I am using dedicated SQL pool synapse with 500 DWU. ADF is running under a workload classifier assigned to largerc group and with above_normal importance :
I have a stored procedure inside an ADF foreach loop, activities on the foreach loop run in parallel (max of 20 batch count in parallel).
The stored procedure is an INSERT INTO statement from an OPENJSON query (the table containing the json is on a replicated synapse table) to a staging HEAP synapse table.
The problem is when I query the dynamic view to monitor queries run on synapse I see that just one INSERT statement runs at a time all the others are suspended.
Is this a lock problem ? is their something to change on the query to do multiple insert at the same time.
This is the stored procedure inside the loop :
CREATE PROC [staging].[usp_stg_load_SrcChroniquesPGA] @file_name
[varchar](100) AS
BEGIN
DECLARE @json nvarchar(max) = (select json_file from [staging].
[xml_to_json] where [file_name] = @file_name) ;
INSERT INTO [staging].[SrcChroniquesPGA]
select
@file_name as [NomFichier]
,[DatePublication],[NomSource],[Pas],[Type],[DateChronique]
,CASE WHEN Pas = 'H' AND DATEPART(hh, DateChronique) BETWEEN 0 AND 5 THEN DATEADD(day, -1, CAST(DateChronique AS DATE))
ELSE CAST(DateChronique AS DATE) END
AS [DateJourneeGaziere]
,[HorodateMaj],[Qualite]
,[ValeurChronique],[DateStatut],[HorodateMajStatut],[ValeurStatut]
from OPENJSON( @json ,'$')
WITH (
[DatePublication] [datetime2](7) '$.Transaction.HorodateInfos',
[PGA] nvarchar(MAX) '$.PGA' as JSON
) j
CROSS APPLY OPENJSON(PGA)
WITH (
[NomSource] [nvarchar](256) '$.PCEIdentification.NomSource',
[PGAStatut] nvarchar(MAX) '$.PGAStatut' as JSON,
[PGAChronique] nvarchar(MAX) '$.PGAChronique' as JSON
)
CROSS APPLY OPENJSON(PGAChronique)
WITH (
[Pas] [nvarchar](256) '$.Pas',
[Type] [nvarchar](256) '$.Type',
--[Unite] nvarchar(100) '$.Unite',
[Mesure] nvarchar(MAX) '$.Mesure' as JSON
)
CROSS APPLY OPENJSON([Mesure])
WITH (
[DateChronique] [datetime2](7) '$.Date',
[ValeurChronique] [float] '$.Valeur',
[HorodateMaj] [datetime2](7) '$.HorodateMaj',
[Qualite] [nvarchar](256) '$.Qualite'
) msr
OUTER APPLY (
SELECT * FROM OPENJSON(PGAStatut)
WITH (
[DateStatut] [datetime2](7) '$.Date',
[HorodateMajStatut] [datetime2](7) '$.HorodateMaj',
[ValeurStatut] [nvarchar](256) '$.Valeur'
)
WHERE [DateStatut] = [DateChronique]
) jj
END
CodePudding user response:
The best approach is to get rid of the for loop in ADF and change it to a single insert statement which parses all JSON rows. That should drastically improve performance and eliminate locking on the single destination table. I believe locking is the fundamental blocker. But also in Synapse large inserts perform better than thousands of small inserts.

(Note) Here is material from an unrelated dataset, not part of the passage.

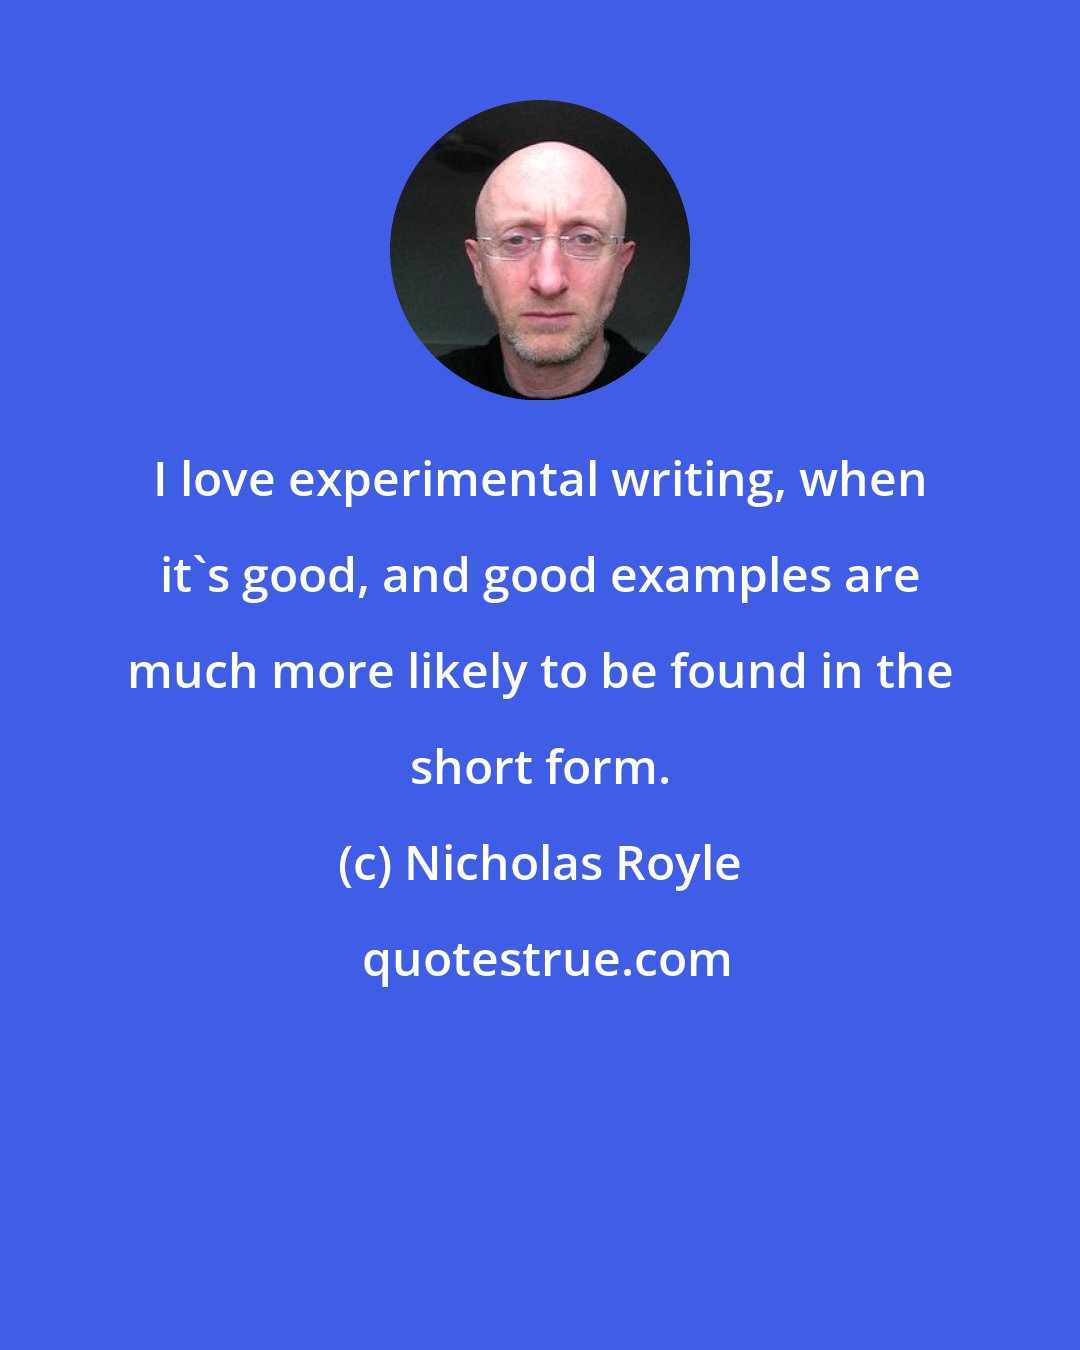 Nicholas Royle: I love experimental writing, when it's good, and good examples are much more likely to be found in the short form.
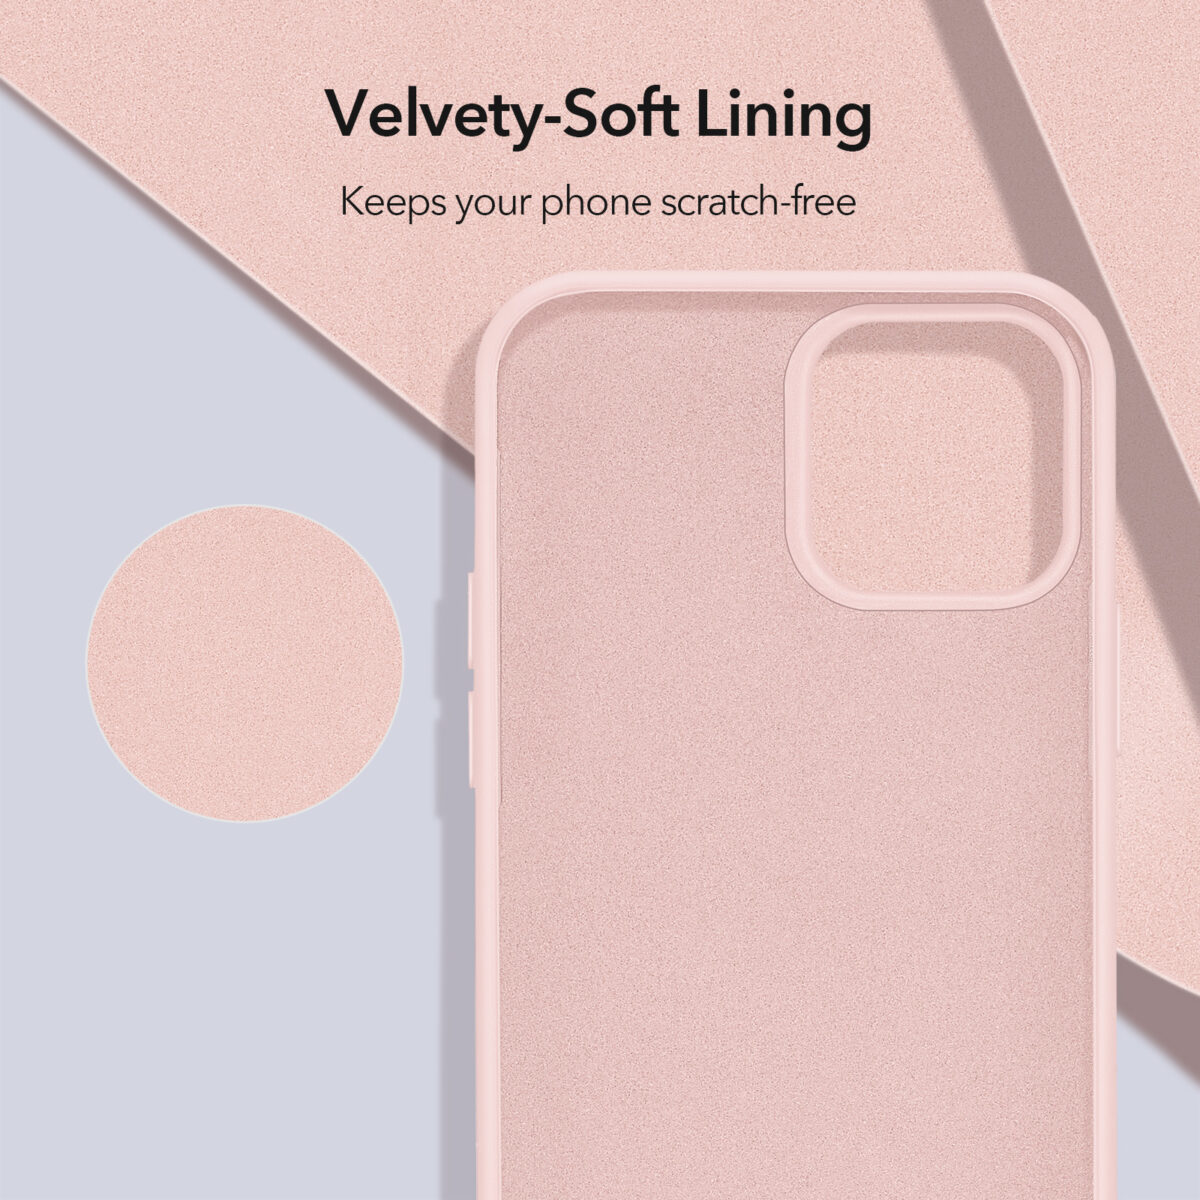 ESR Soft Silicone velvety soft lining Case Sand Pink for iPhone 12 Pro

I would recommend you refactor your INSERT
statement. Instead of FROM OPENJSON( @json ,'$')
try FROM staging.xml_to_json CROSS APPLY OPENJSON(json_file)
… You should try to load all the file paths in one insert.
CodePudding user response:
So as per the documentation DWU 500 has 20 concurrent queries, 20 concurrency slots and largerc takes 4 slots. So the maximum concurrency you can expect is 5 and that does not include any other queries running.
I would suggest lowering the resource class or trying a static resource class. You could also try raising the DWU but obviously this is more expensive. Experiment with your workload to see what works best. It is strange you are only getting one query running at a time - check your For Each activity is not running in sequential mode and use the DMVs (sys.dm_pdw_exec_requests) to check for other queries executing and queuing.